**What to produce**
In the data below, find the line containing "クラス貨物反逆者Eco Friendly OrganicハンドメイドAroma" and the line containing "Protección Civil emite", then reproduce them and every line between, exactly. Omit pictures.

**Data to process**
▶

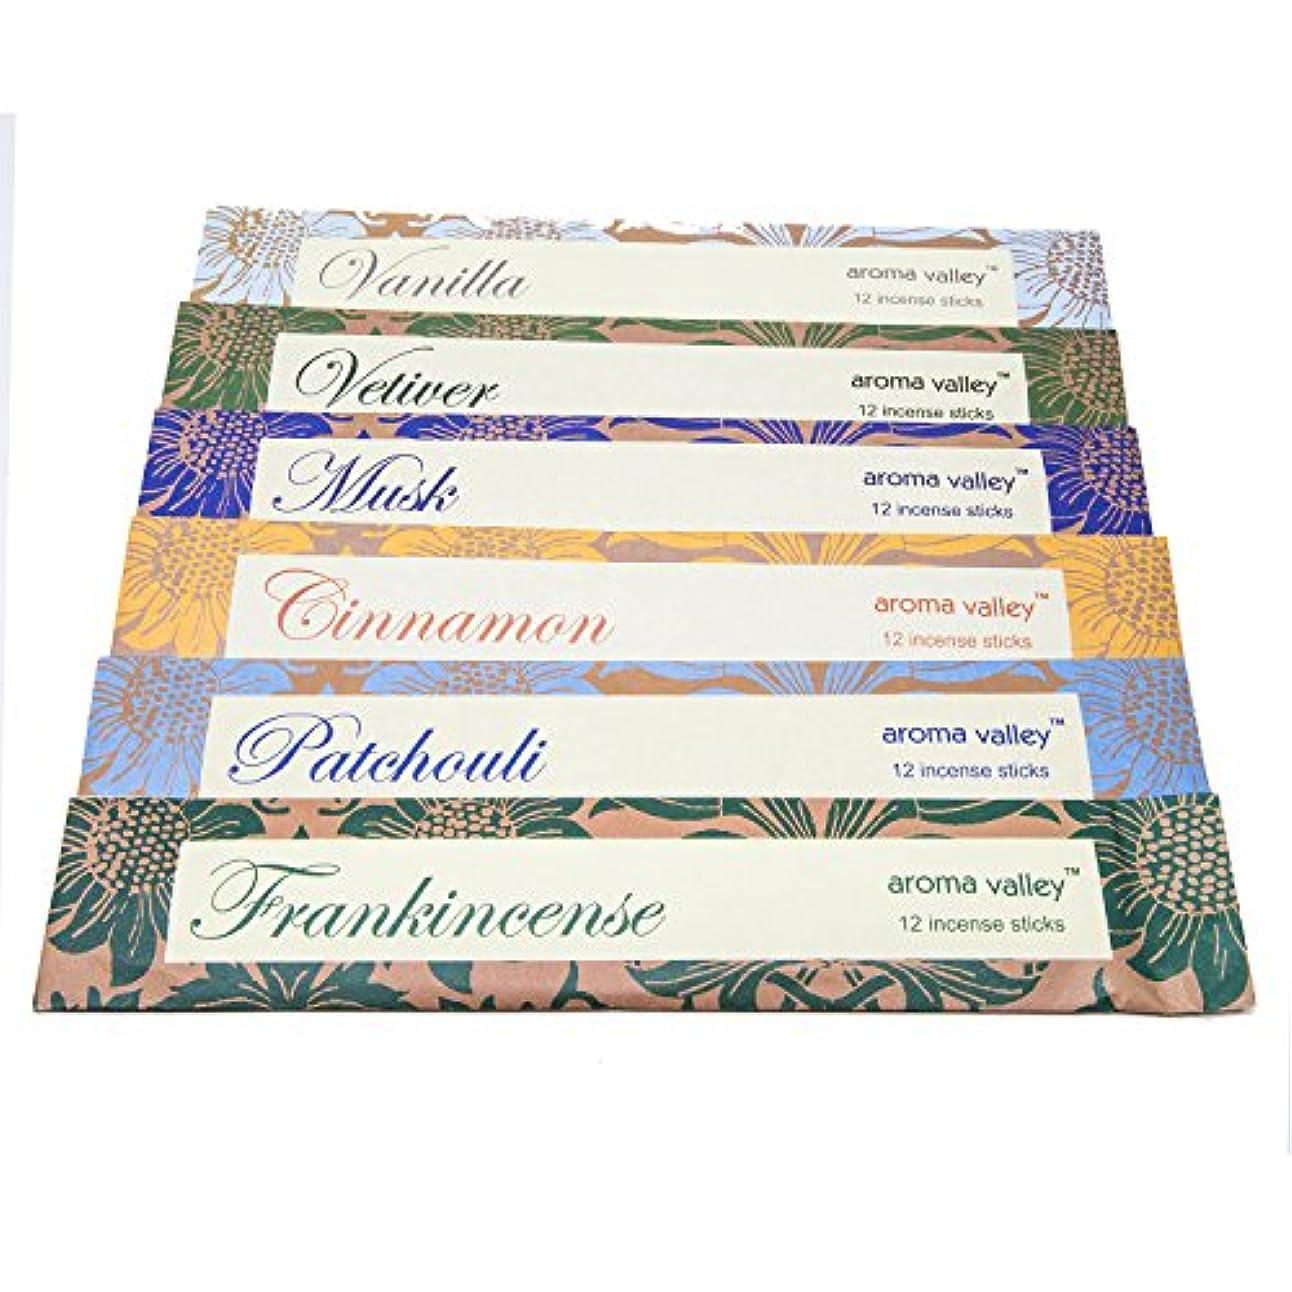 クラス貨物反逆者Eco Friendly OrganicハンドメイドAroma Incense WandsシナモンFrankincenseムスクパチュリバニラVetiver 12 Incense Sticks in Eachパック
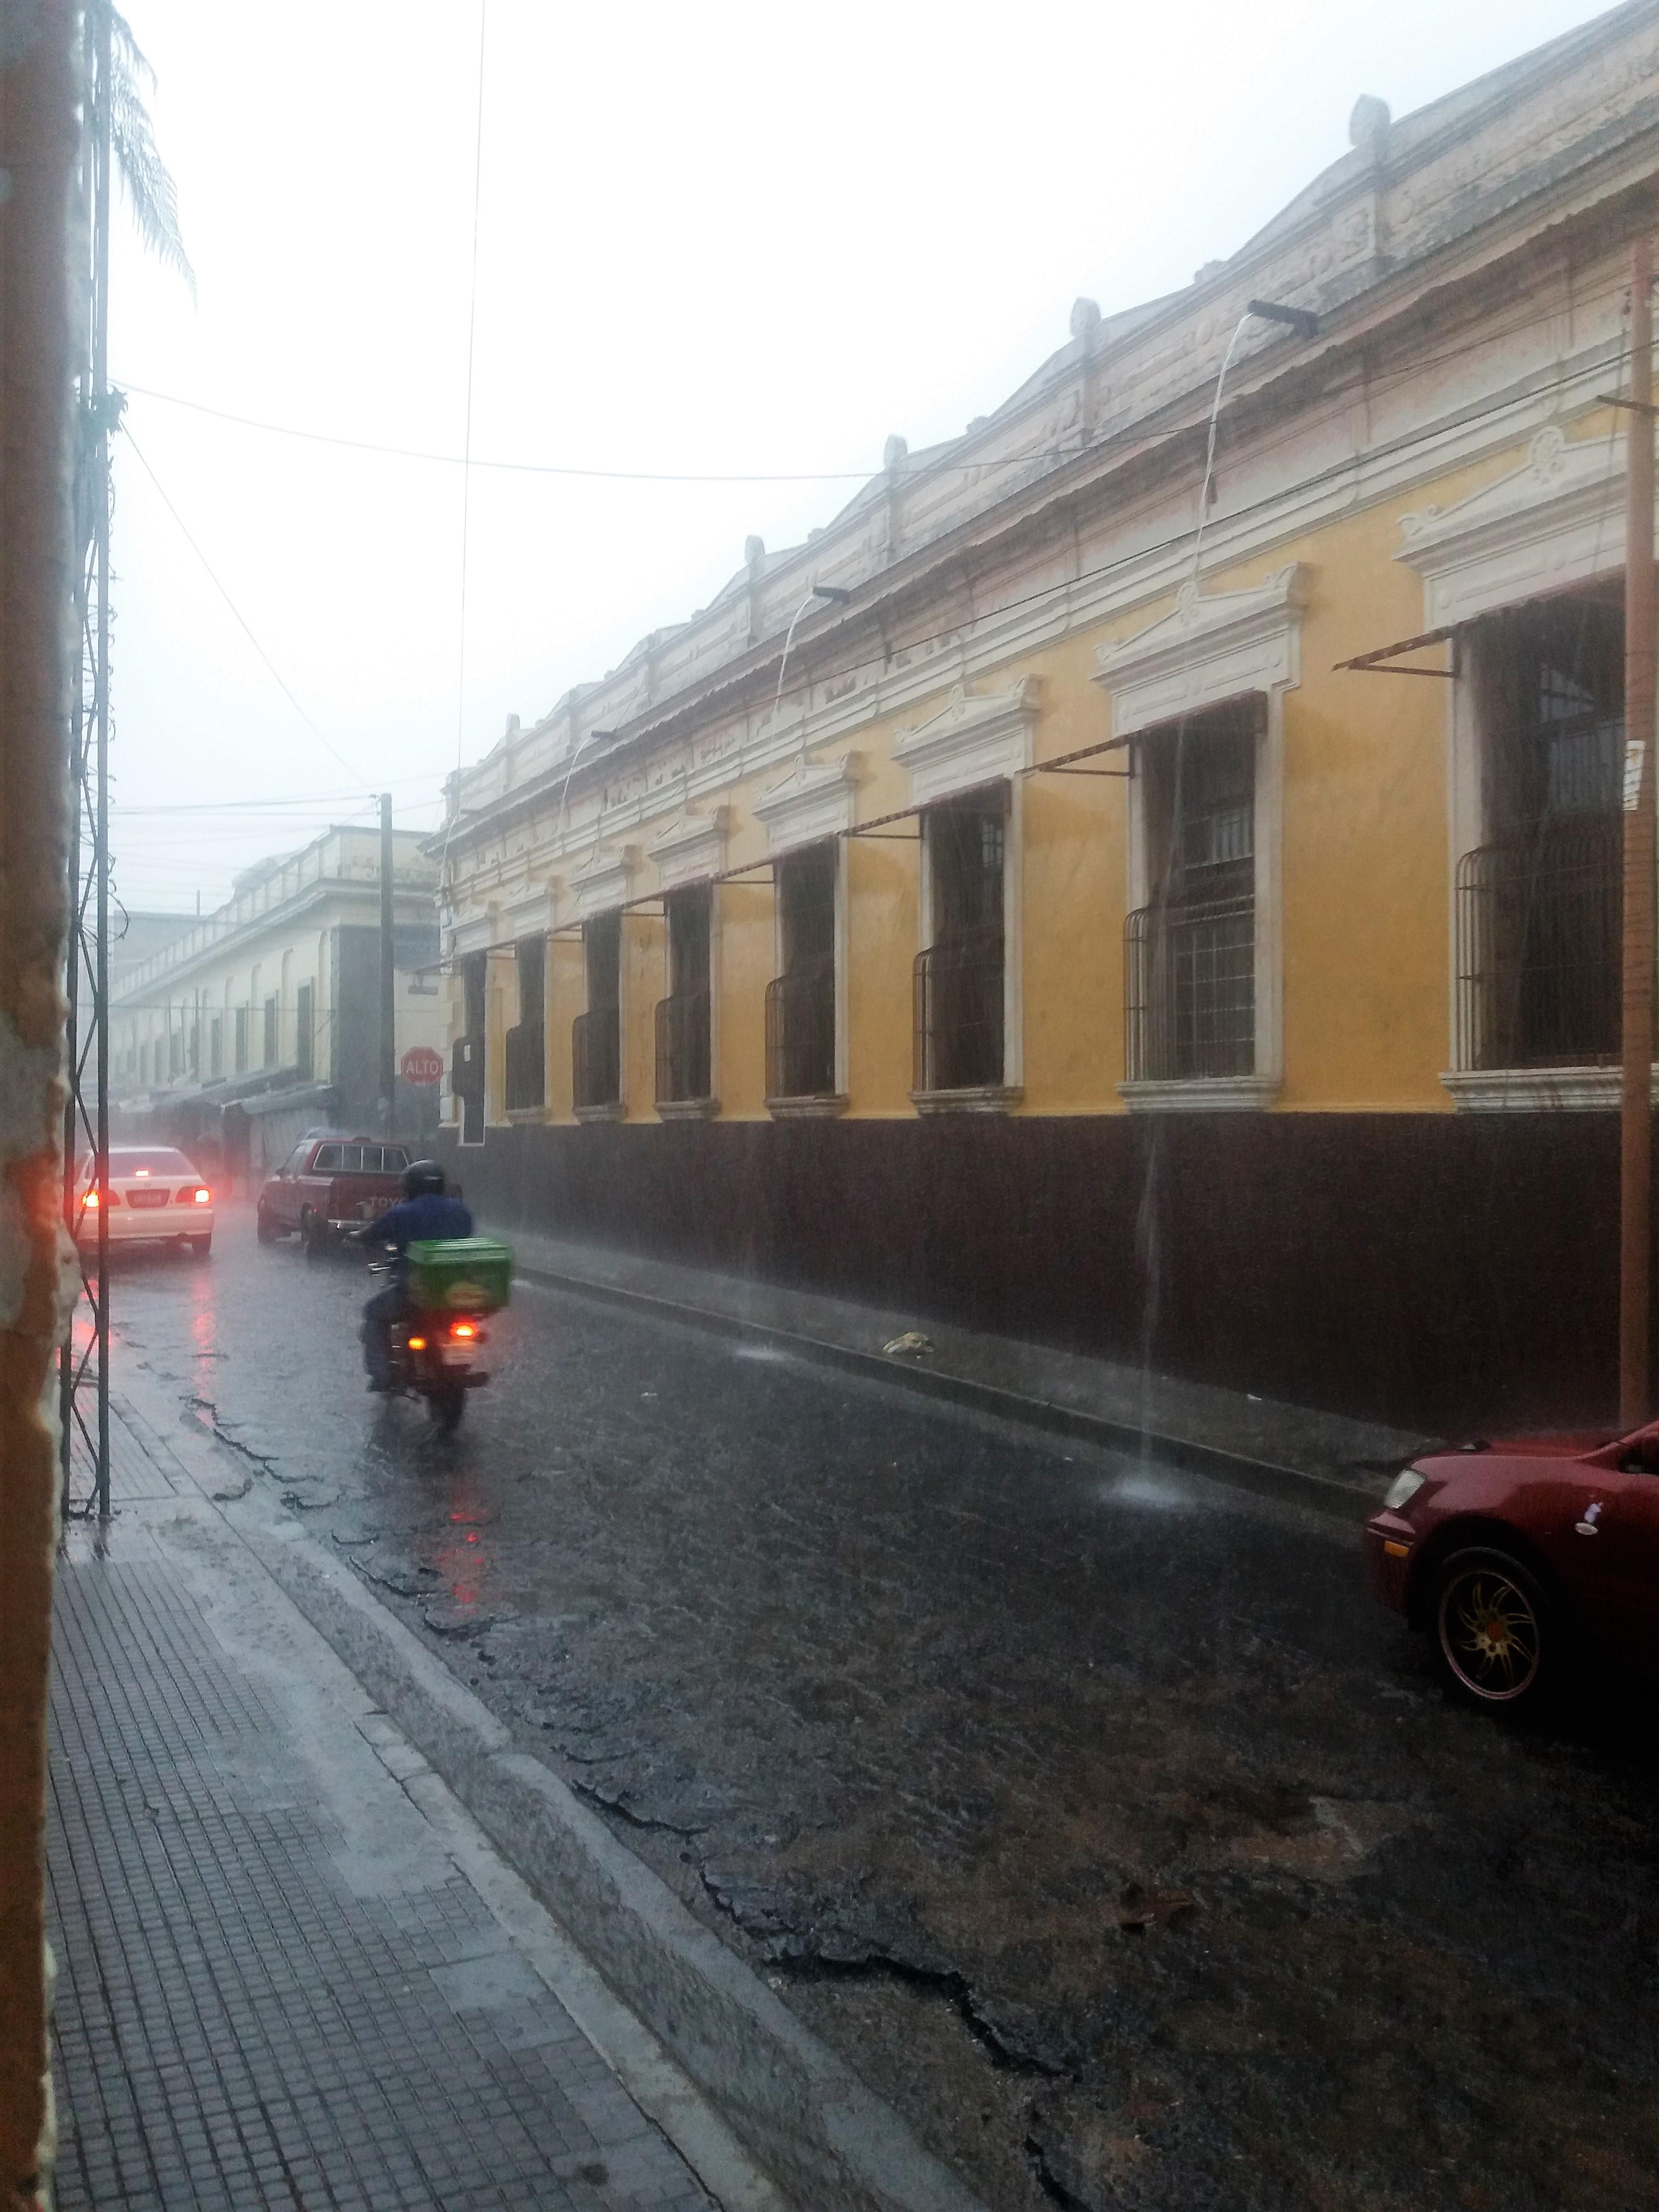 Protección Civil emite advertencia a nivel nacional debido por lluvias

◀
▶

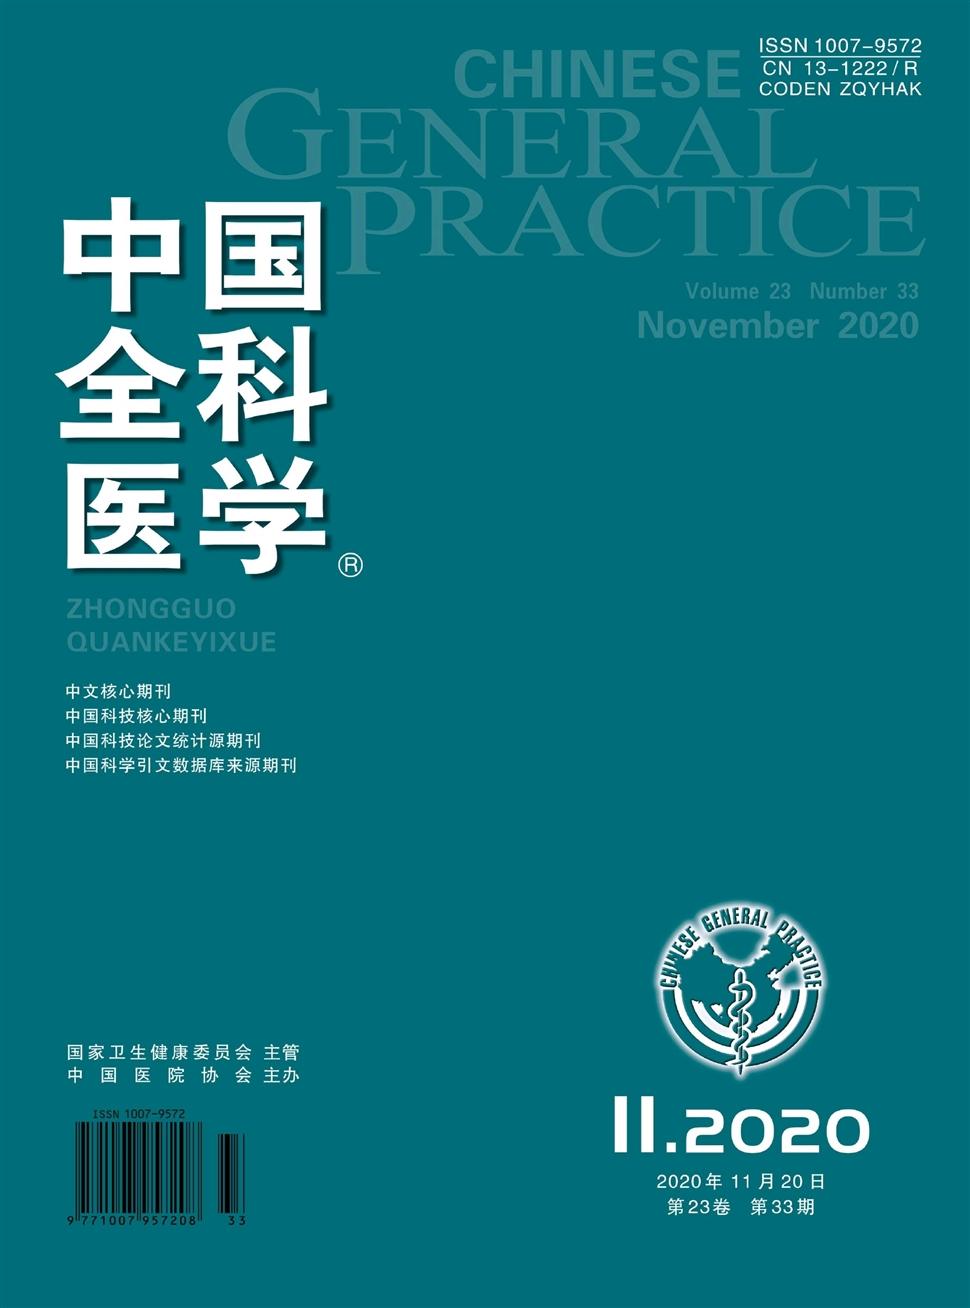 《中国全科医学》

◀
▶

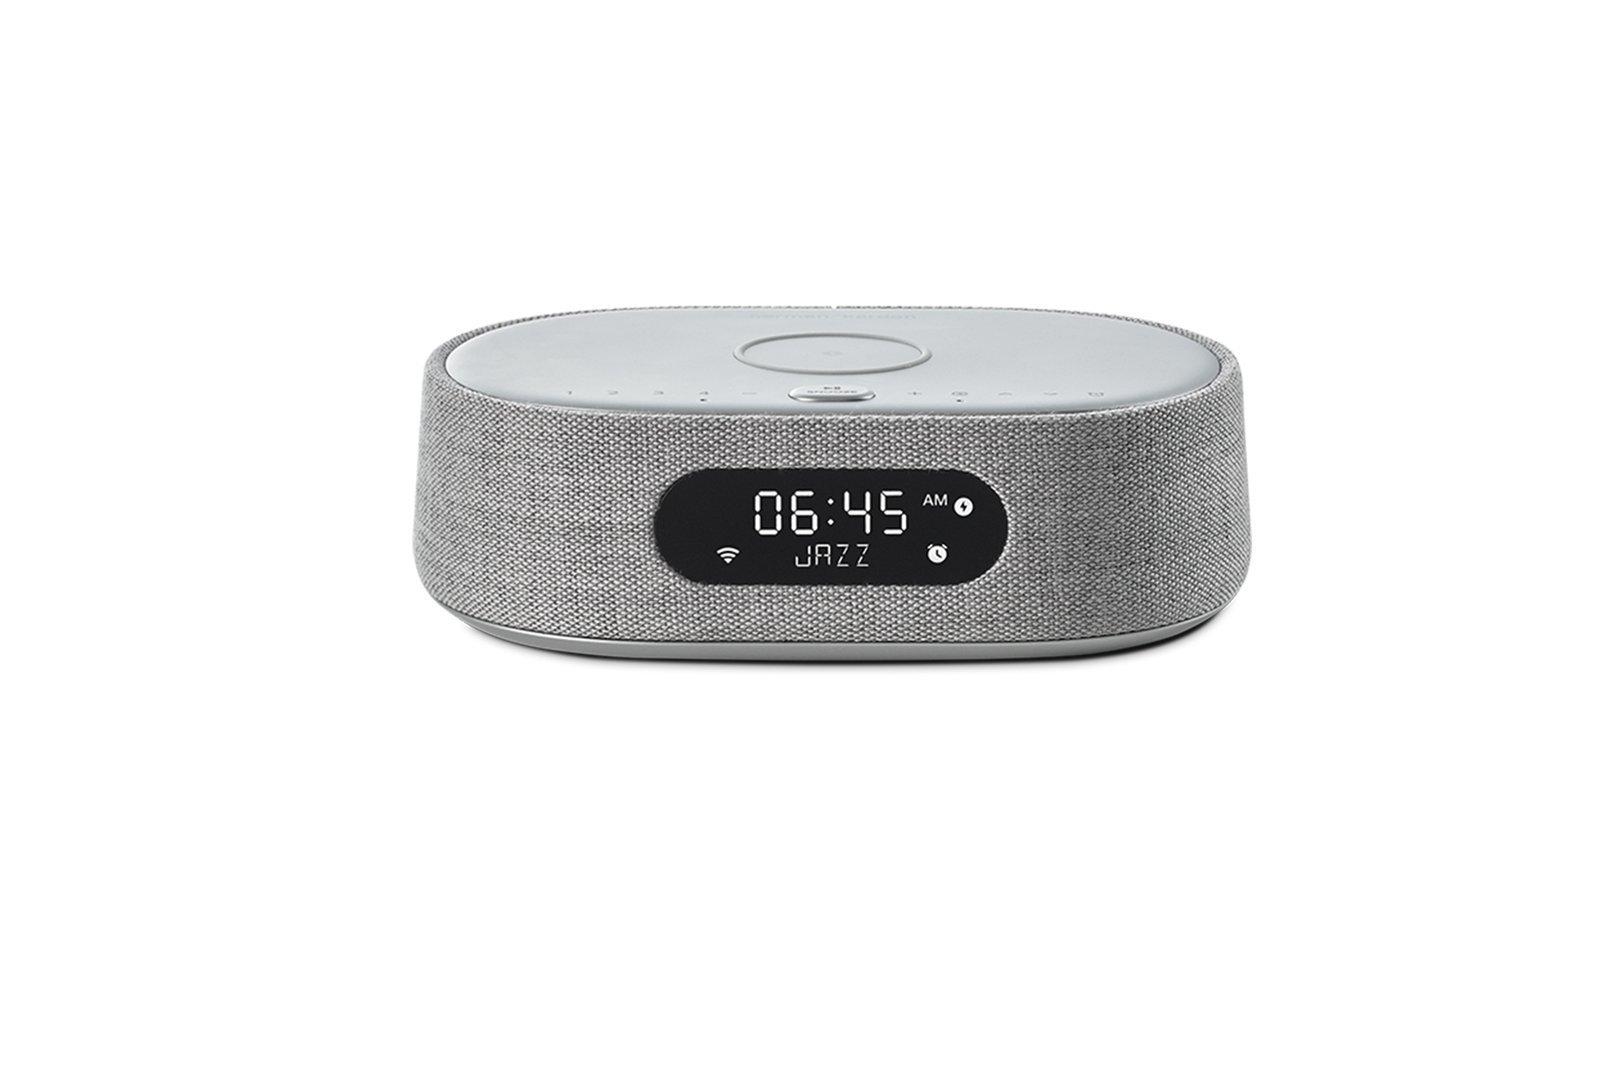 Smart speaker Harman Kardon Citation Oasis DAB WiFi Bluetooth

◀

**Exercise response**
 クラス貨物反逆者Eco Friendly OrganicハンドメイドAroma Incense WandsシナモンFrankincenseムスクパチュリバニラVetiver 12 Incense Sticks in Eachパック
 Protección Civil emite advertencia a nivel nacional debido por lluvias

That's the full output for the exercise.